# TASK STATEMENT
Nothing outside the range is to be copied. From the entries below, reproduce exactly the lines starting at the one with "logo large for" and ending at the one with "Elite Pro 2", without pictures.

# PROVIDED MATERIAL

◇ ◇ ◇ ◇ ◇ ◇ ◇

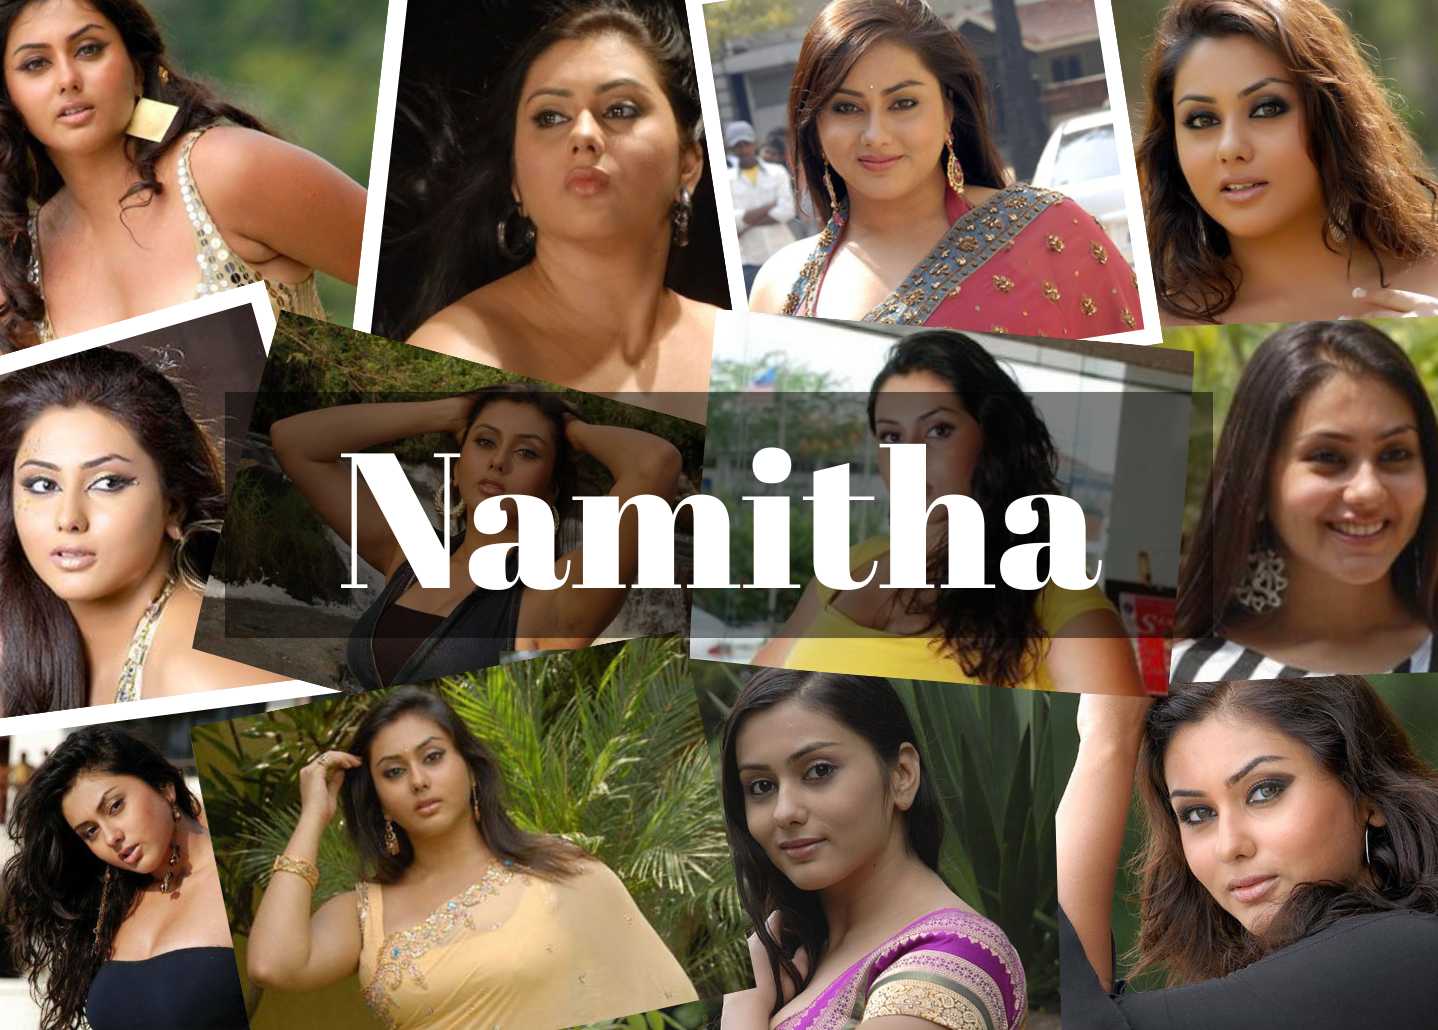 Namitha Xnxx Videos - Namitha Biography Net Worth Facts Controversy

◇ ◇ ◇ ◇ ◇ ◇ ◇

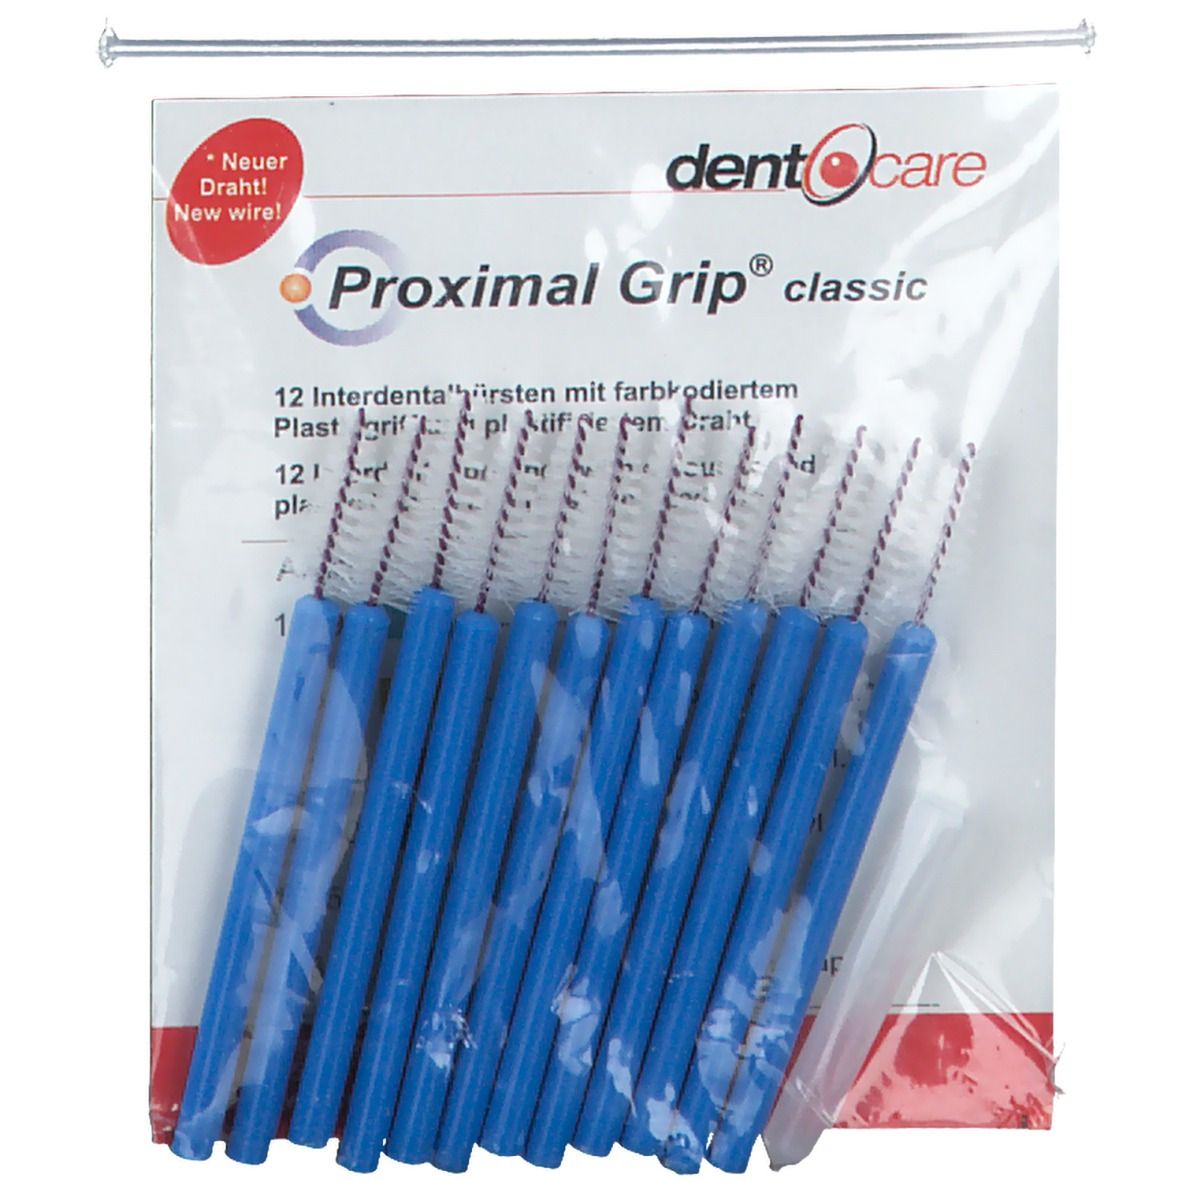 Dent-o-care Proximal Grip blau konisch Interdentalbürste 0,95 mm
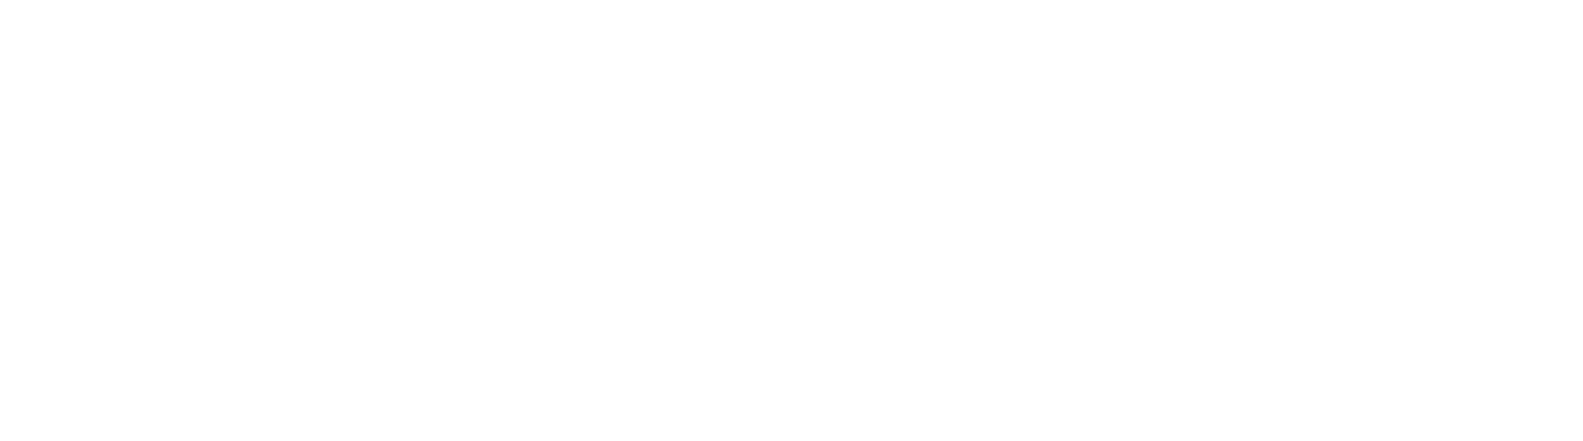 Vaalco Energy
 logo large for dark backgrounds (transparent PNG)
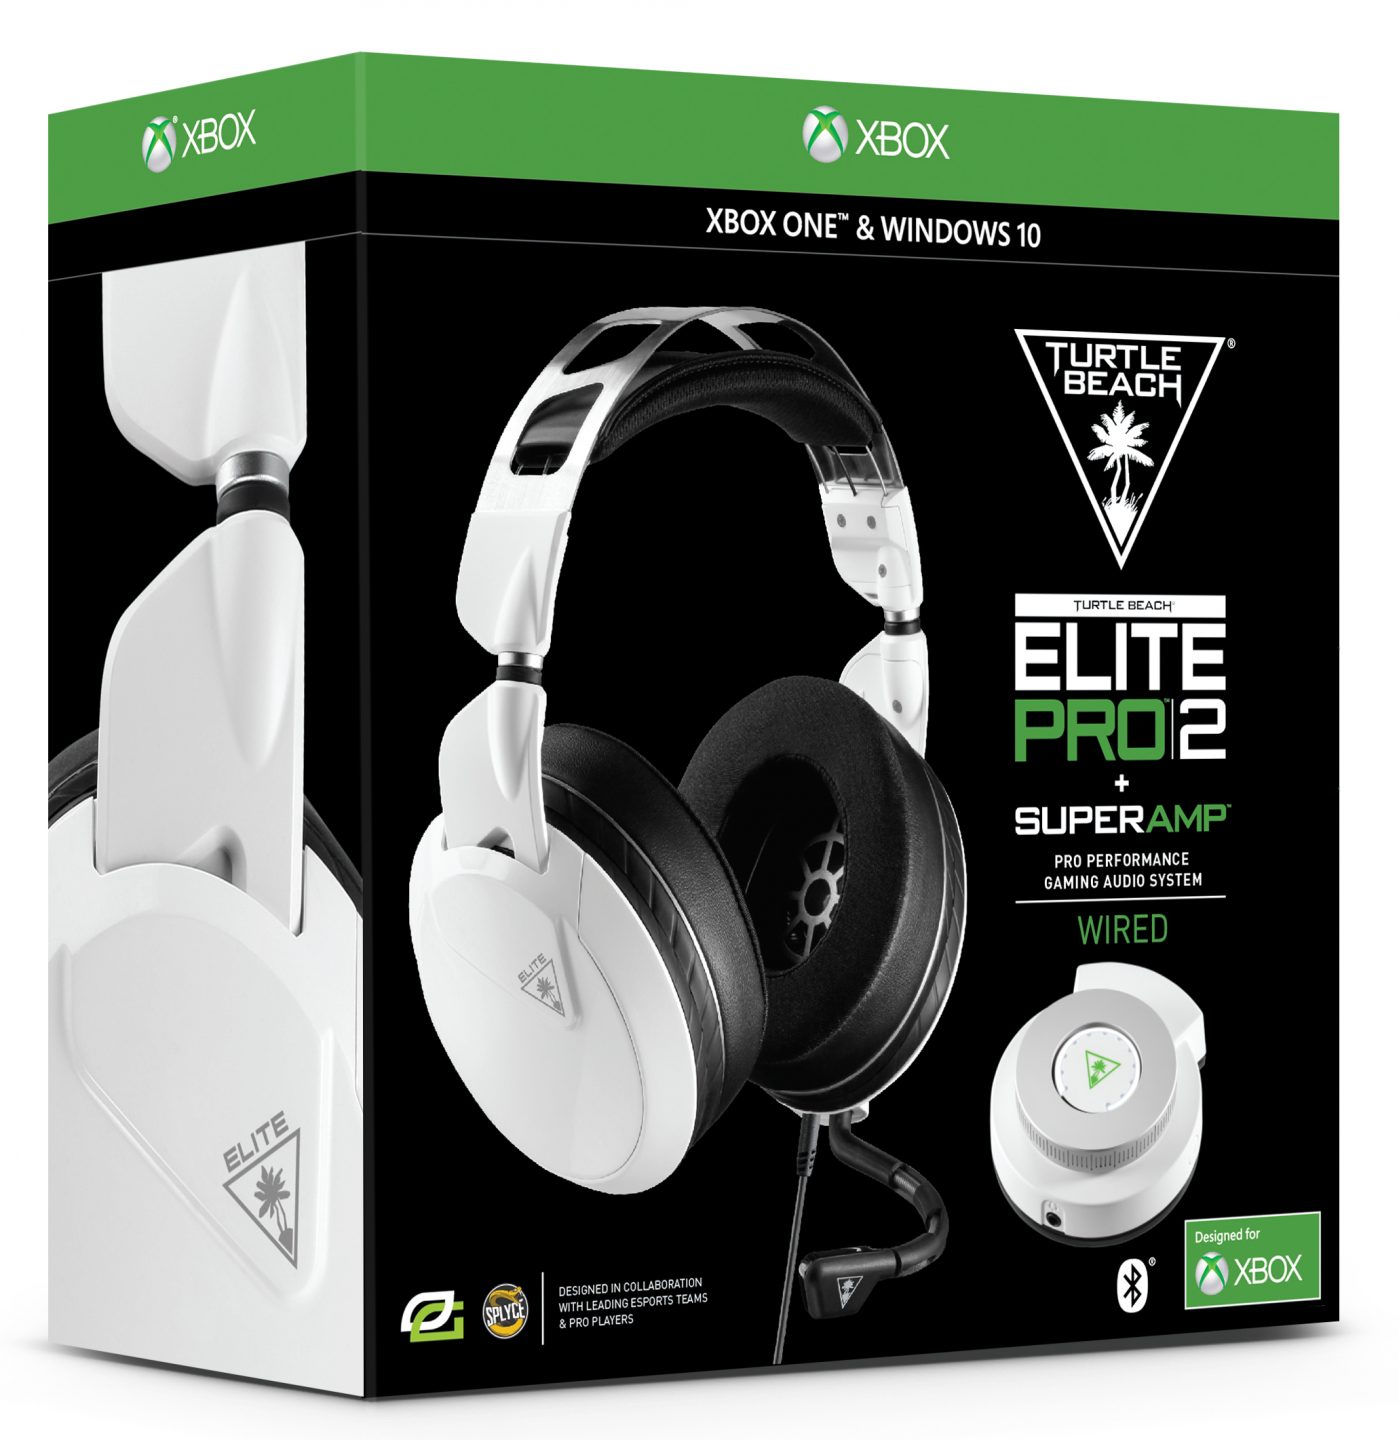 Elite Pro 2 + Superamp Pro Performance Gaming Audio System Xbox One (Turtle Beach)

◇ ◇ ◇ ◇ ◇ ◇ ◇

# SOLUTION FOR THIS PROBLEM
 logo large for dark backgrounds (transparent PNG)
 Elite Pro 2 + Superamp Pro Performance Gaming Audio System Xbox One (Turtle Beach)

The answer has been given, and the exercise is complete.